● **Exercise goal**
Leave the pictures out, and transcribe the material below exactly from the line with "Startseite · Wohnkauf Zeller GmbH" to the line with "Nam thanh nữ", both lines included.

● **Information shown**
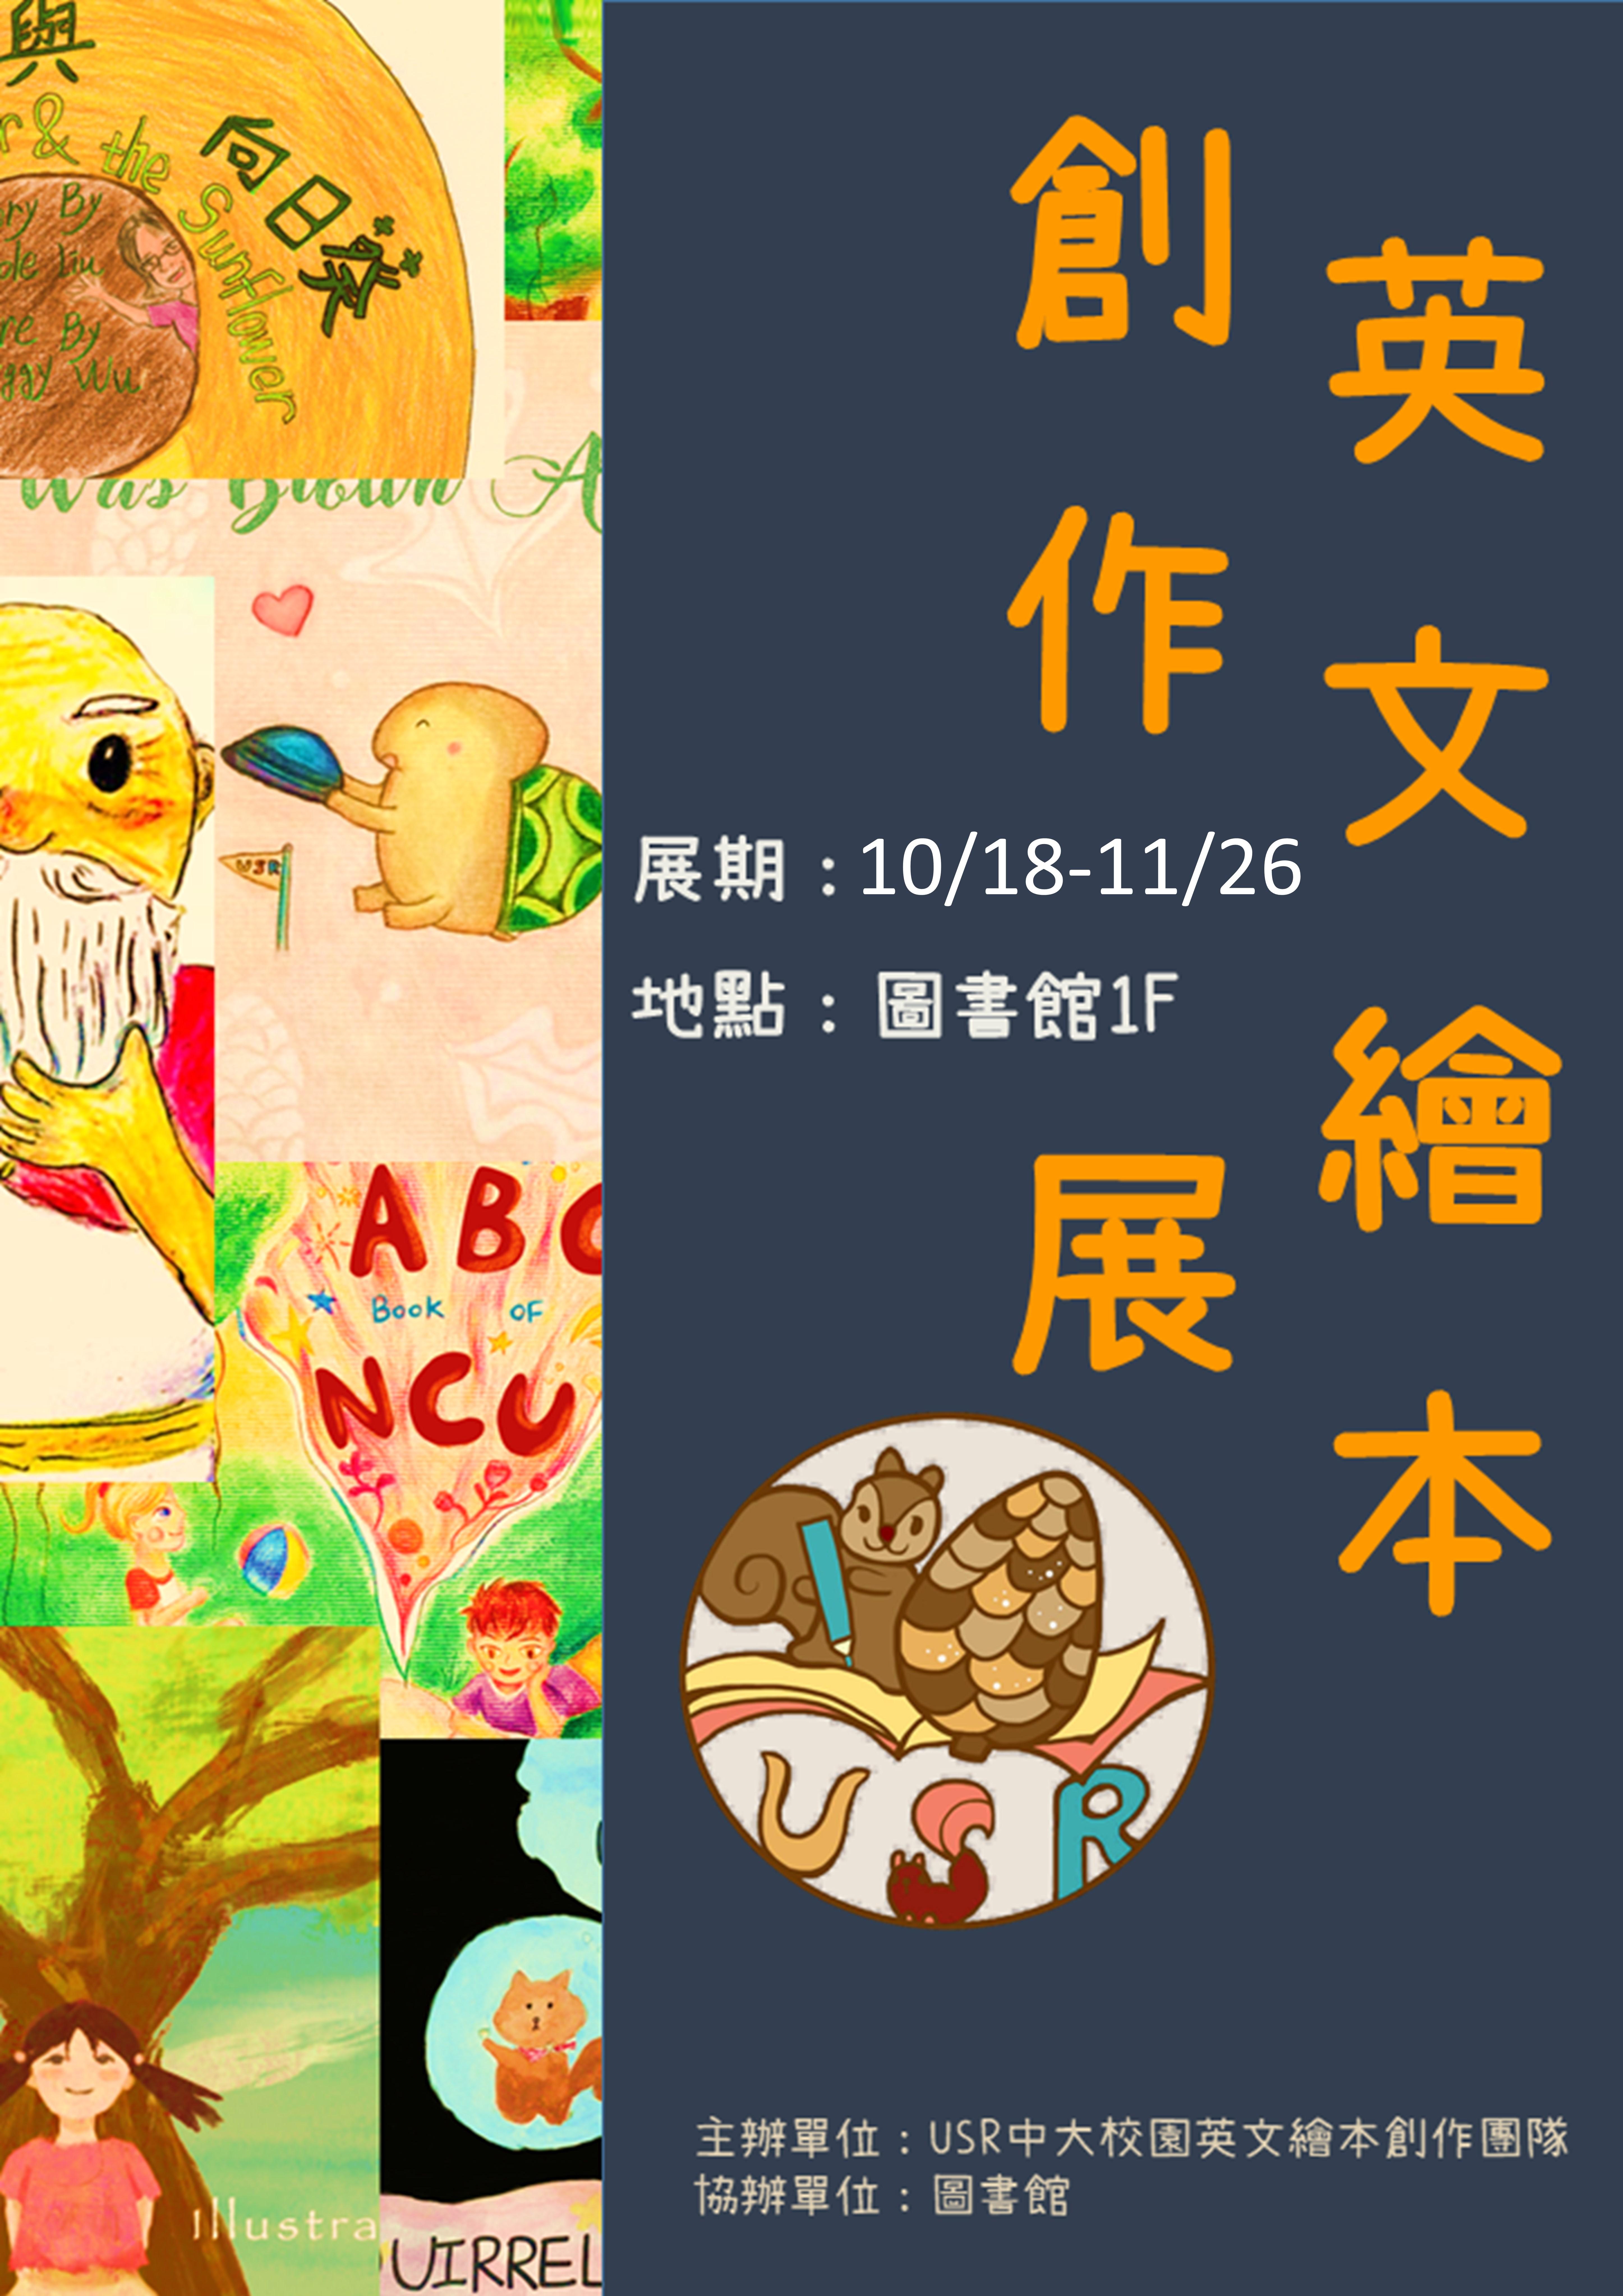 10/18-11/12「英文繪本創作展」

* * *

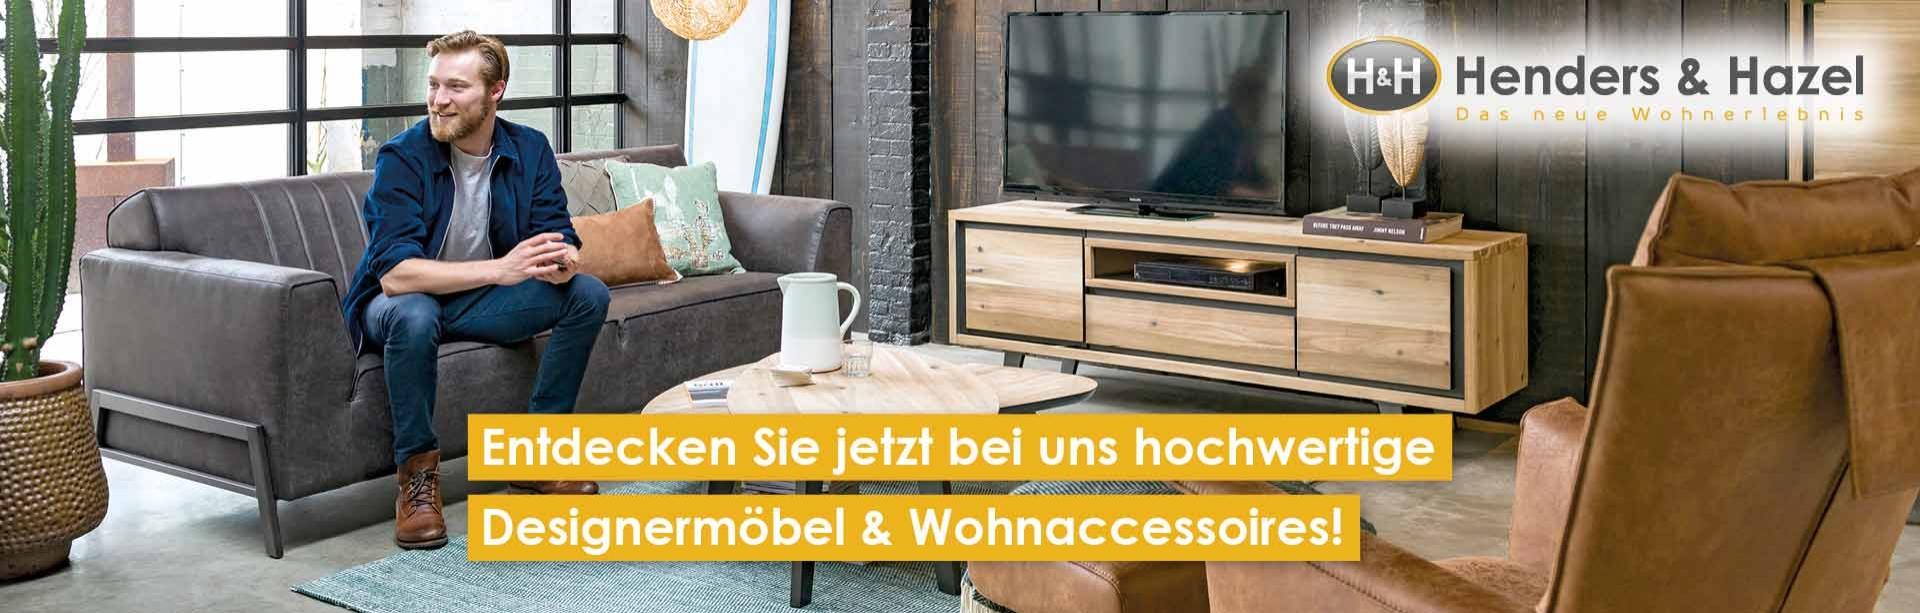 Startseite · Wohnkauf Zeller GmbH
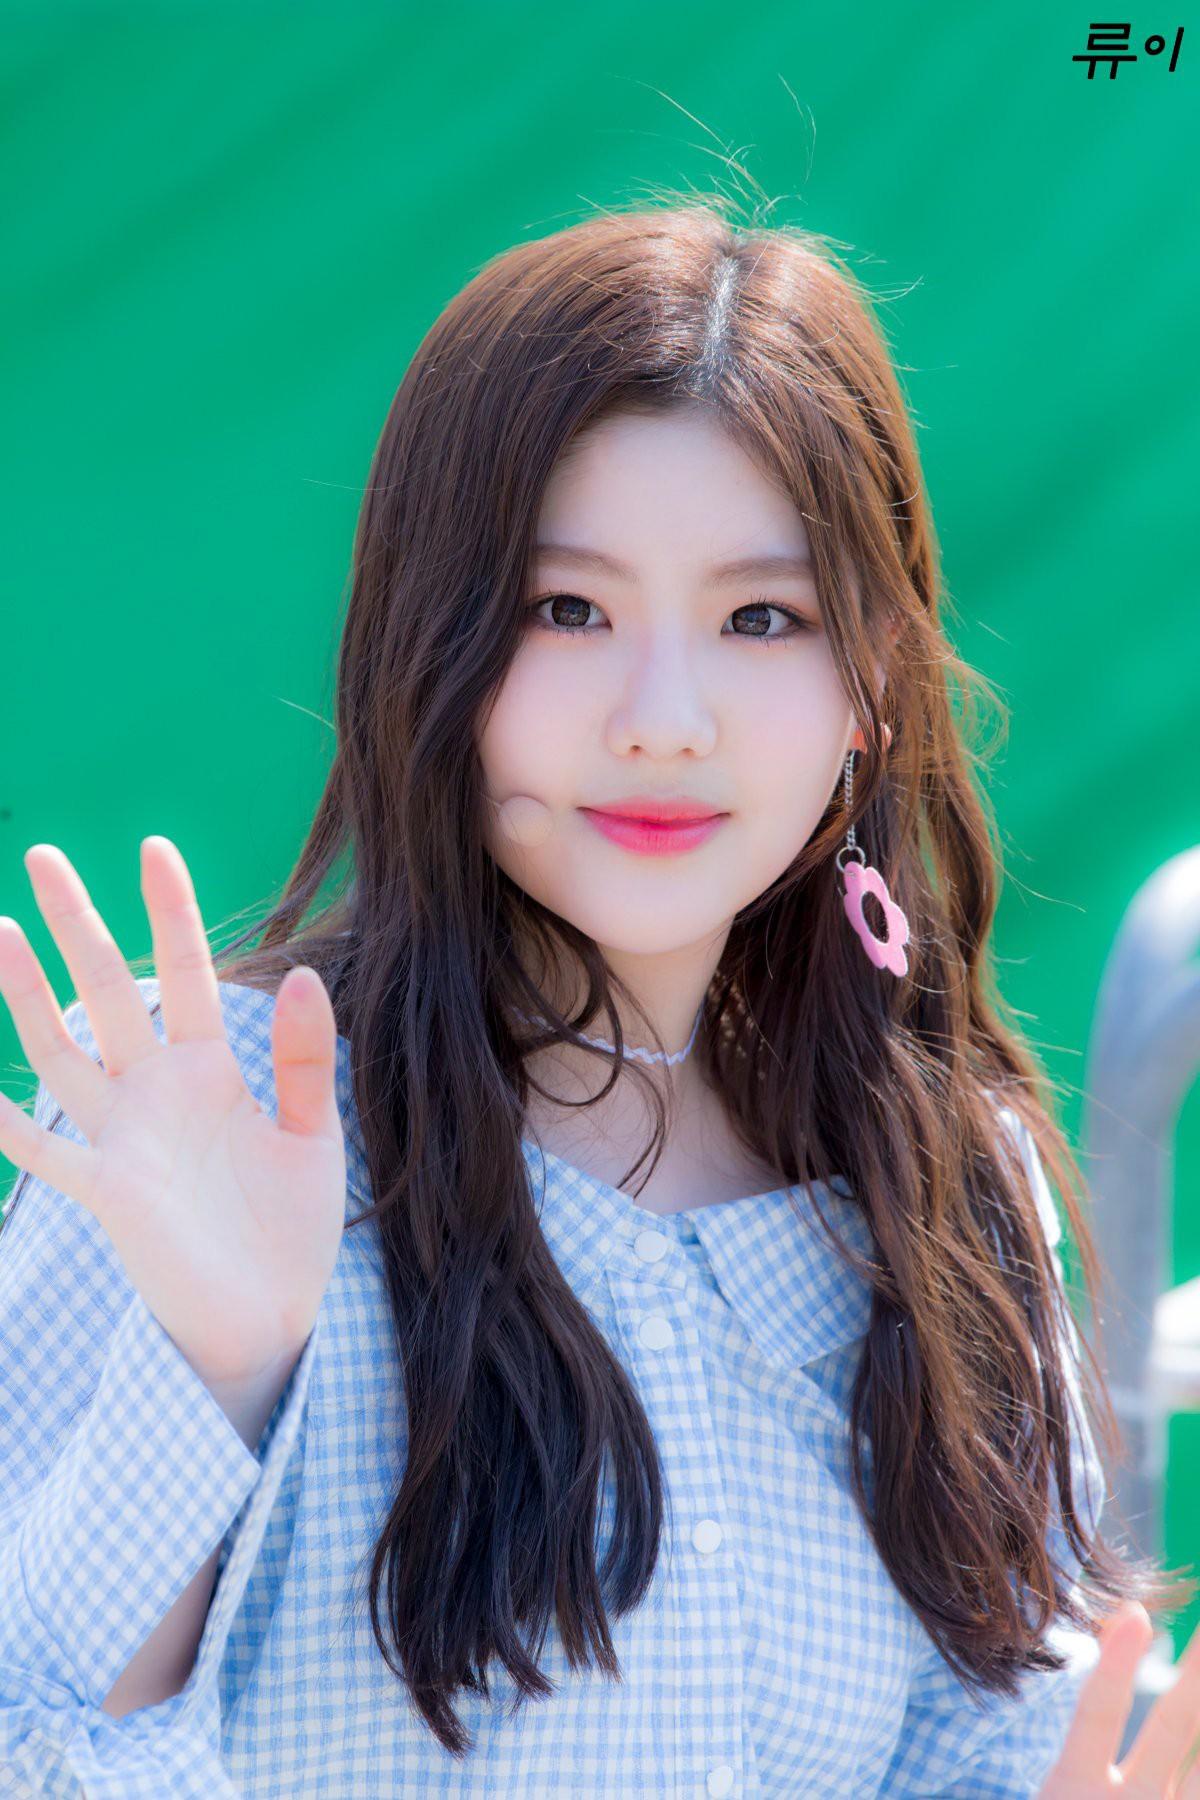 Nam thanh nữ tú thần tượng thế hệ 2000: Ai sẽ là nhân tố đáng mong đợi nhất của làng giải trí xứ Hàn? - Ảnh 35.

● **Response to the task**
 Startseite · Wohnkauf Zeller GmbH
 Nam thanh nữ tú thần tượng thế hệ 2000: Ai sẽ là nhân tố đáng mong đợi nhất của làng giải trí xứ Hàn? - Ảnh 35.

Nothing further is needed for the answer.